-- TASK --
The full listing, excluding its pictures, should be printed exactly as it stands.

-- DATASET EXCERPT --
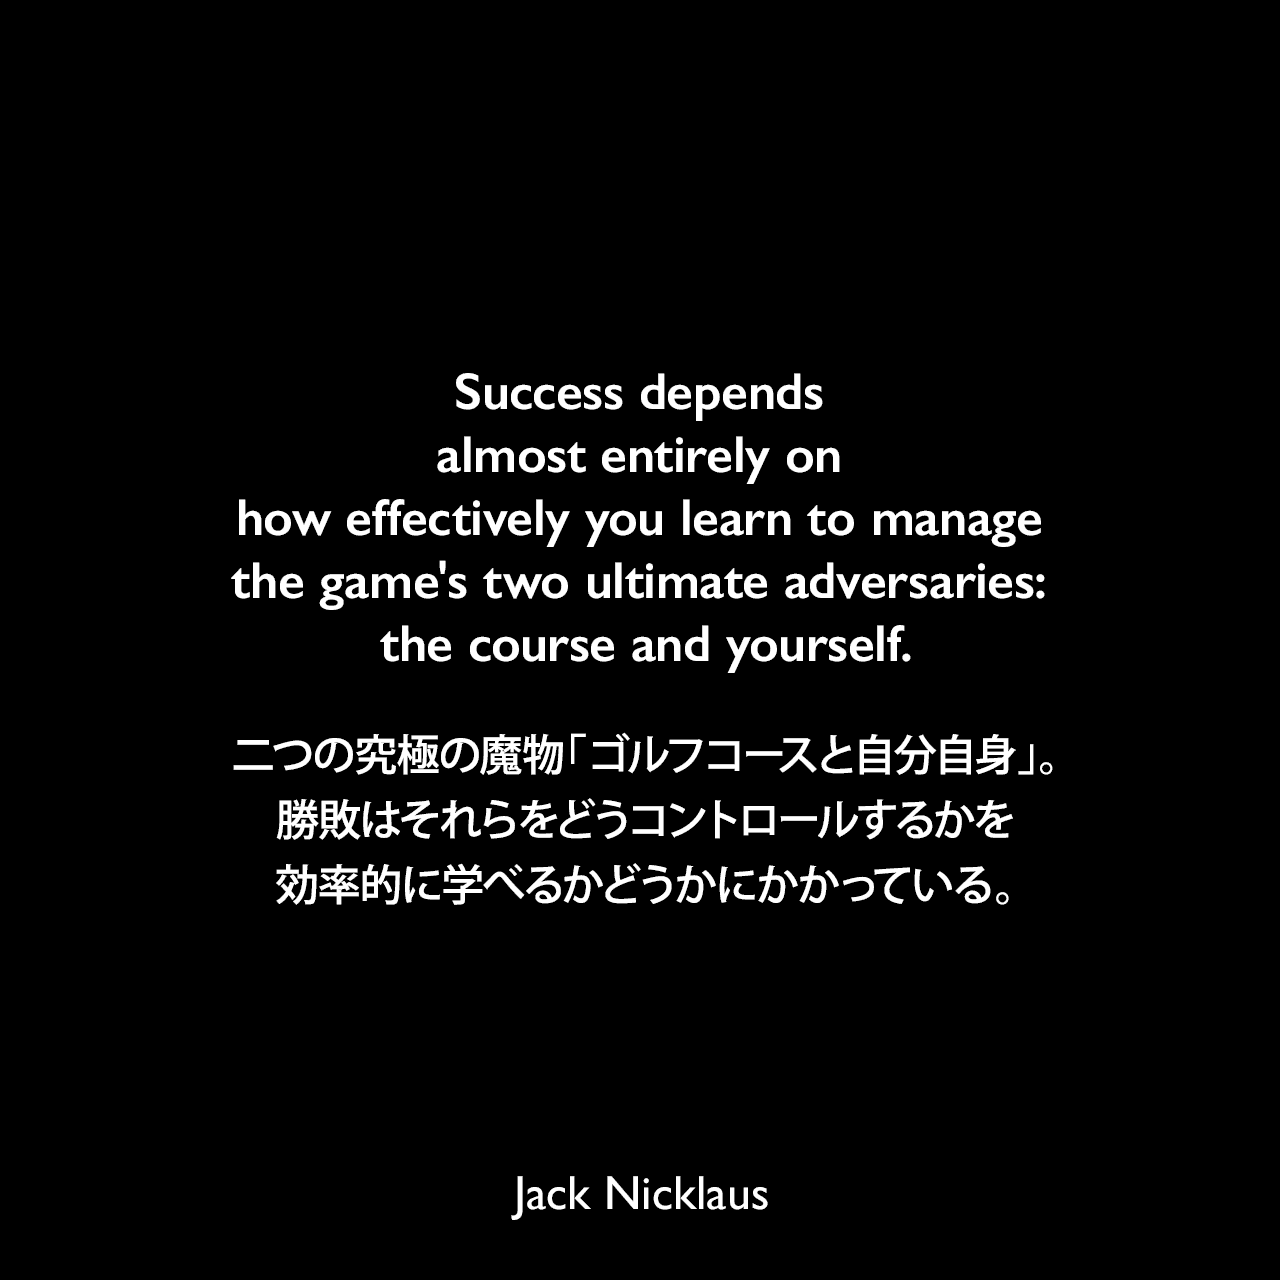 Success depends almost entirely on how effectively you learn to manage the game's two ultimate adversaries: the course and yourself.二つの究極の魔物「ゴルフコースと自分自身」。勝敗はそれらをどうコントロールするかを効率的に学べるかどうかにかかっている。Jack Nicklaus
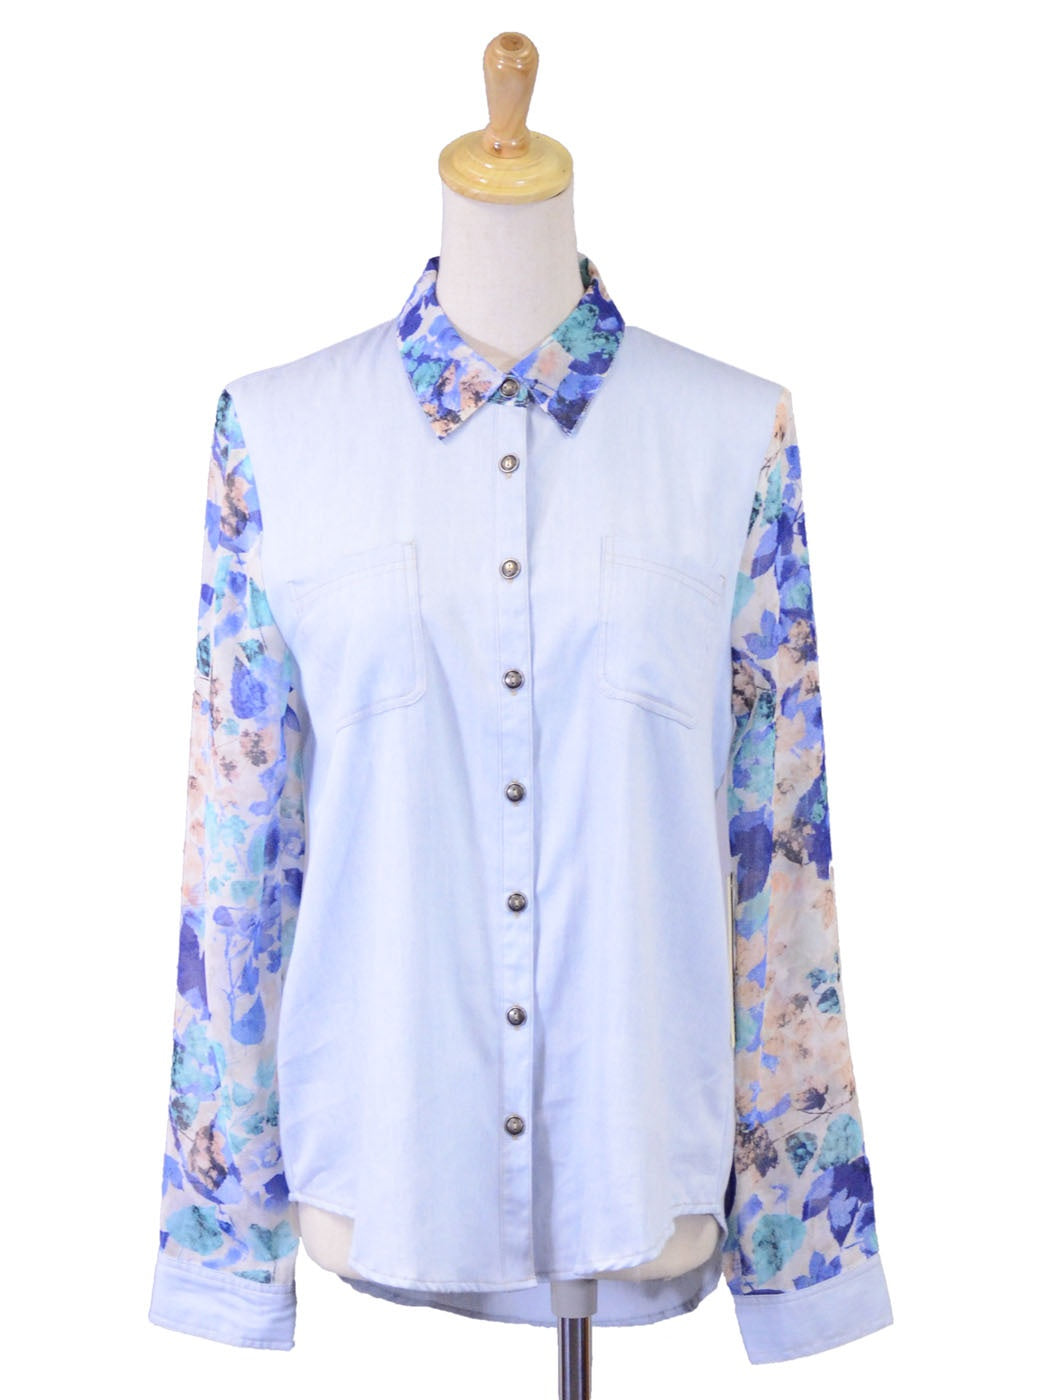 Edgemine Lovely Garden Chambray Long Sleeve Floral Print  Button Down Shirt - ALILANG.COM
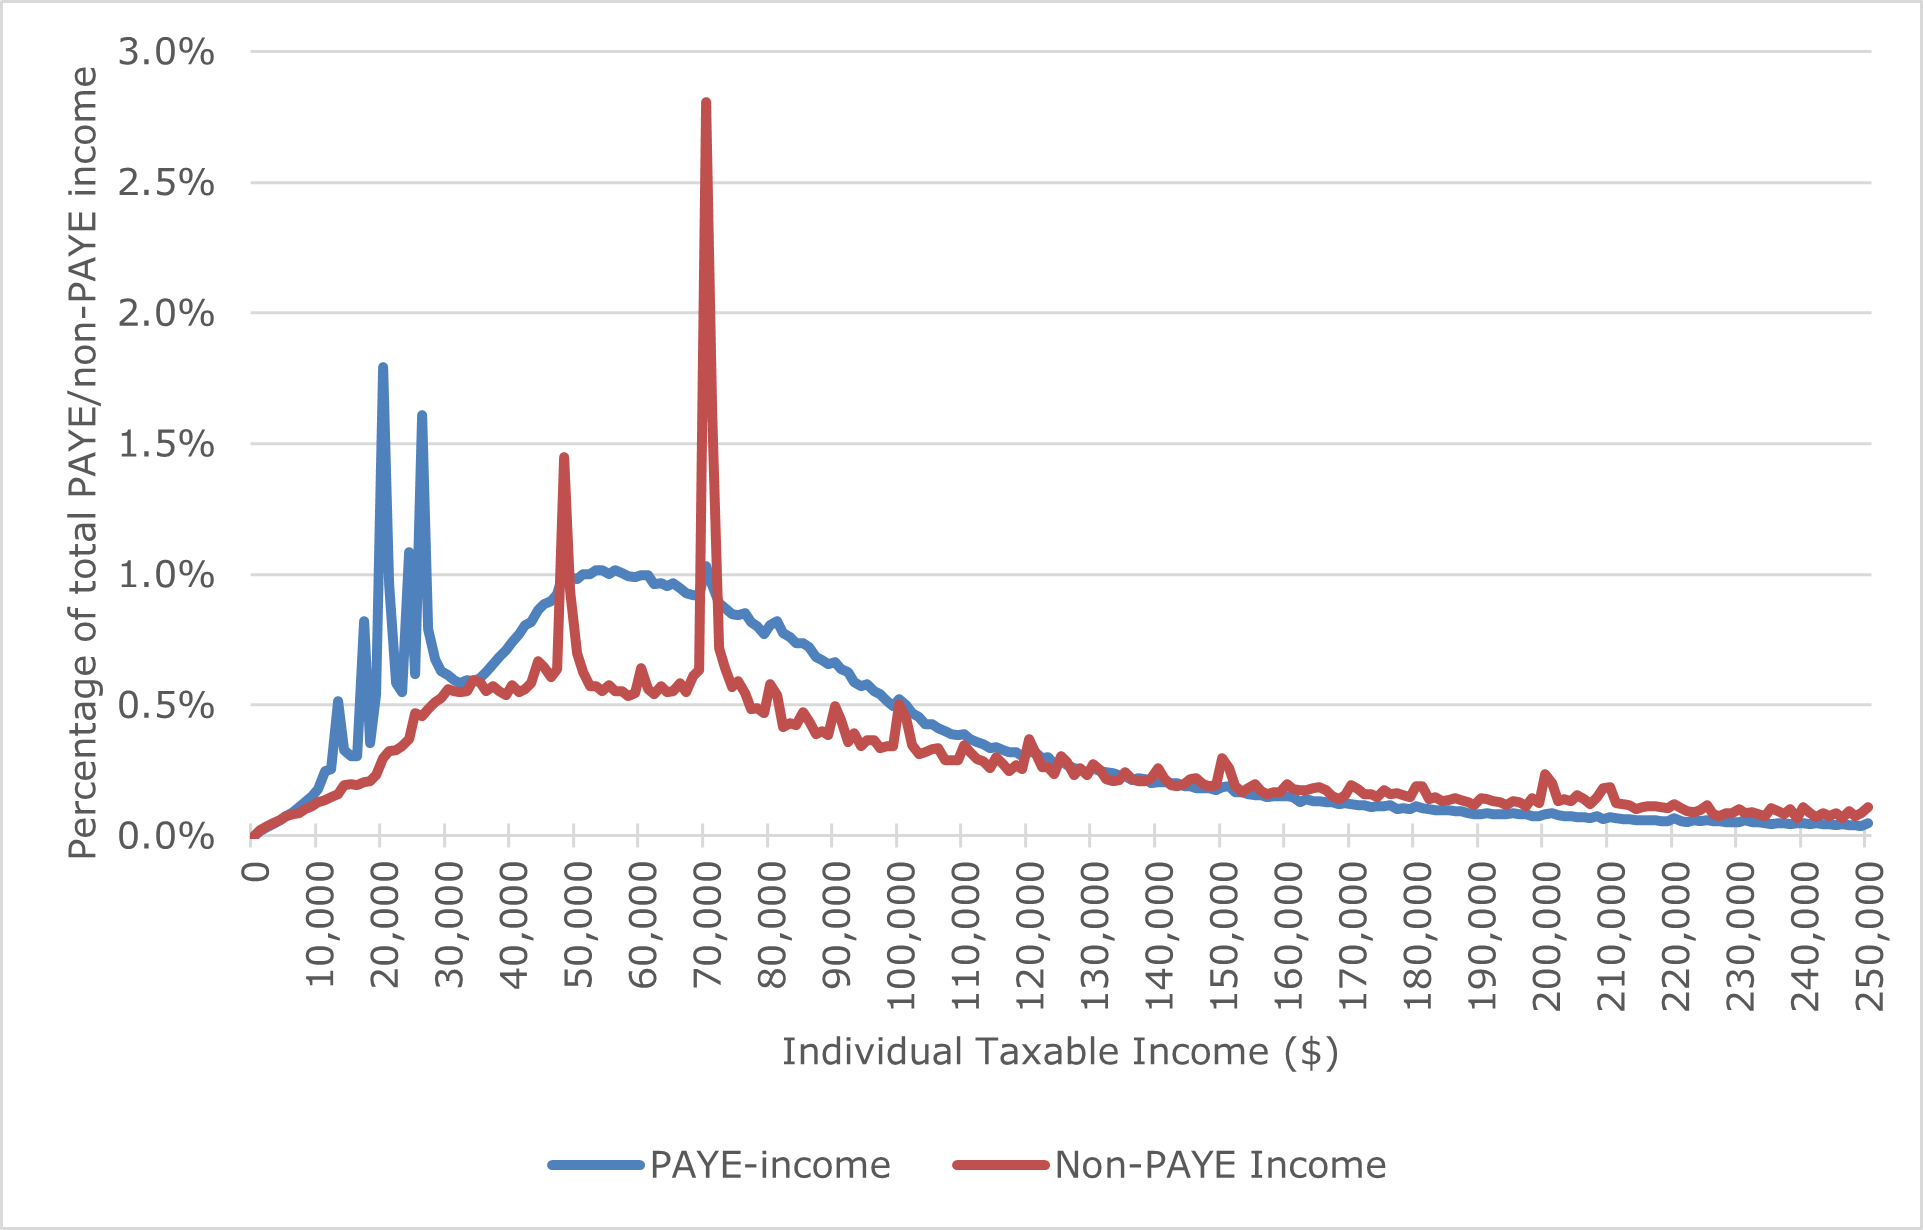 Taxable income distribution: PAYE and non-PAYE income (year ended 31 March 2020)

-- FINISHED EXERCISE --
 Success depends almost entirely on how effectively you learn to manage the game's two ultimate adversaries: the course and yourself.二つの究極の魔物「ゴルフコースと自分自身」。勝敗はそれらをどうコントロールするかを効率的に学べるかどうかにかかっている。Jack Nicklaus
 Edgemine Lovely Garden Chambray Long Sleeve Floral Print  Button Down Shirt - ALILANG.COM
 Taxable income distribution: PAYE and non-PAYE income (year ended 31 March 2020)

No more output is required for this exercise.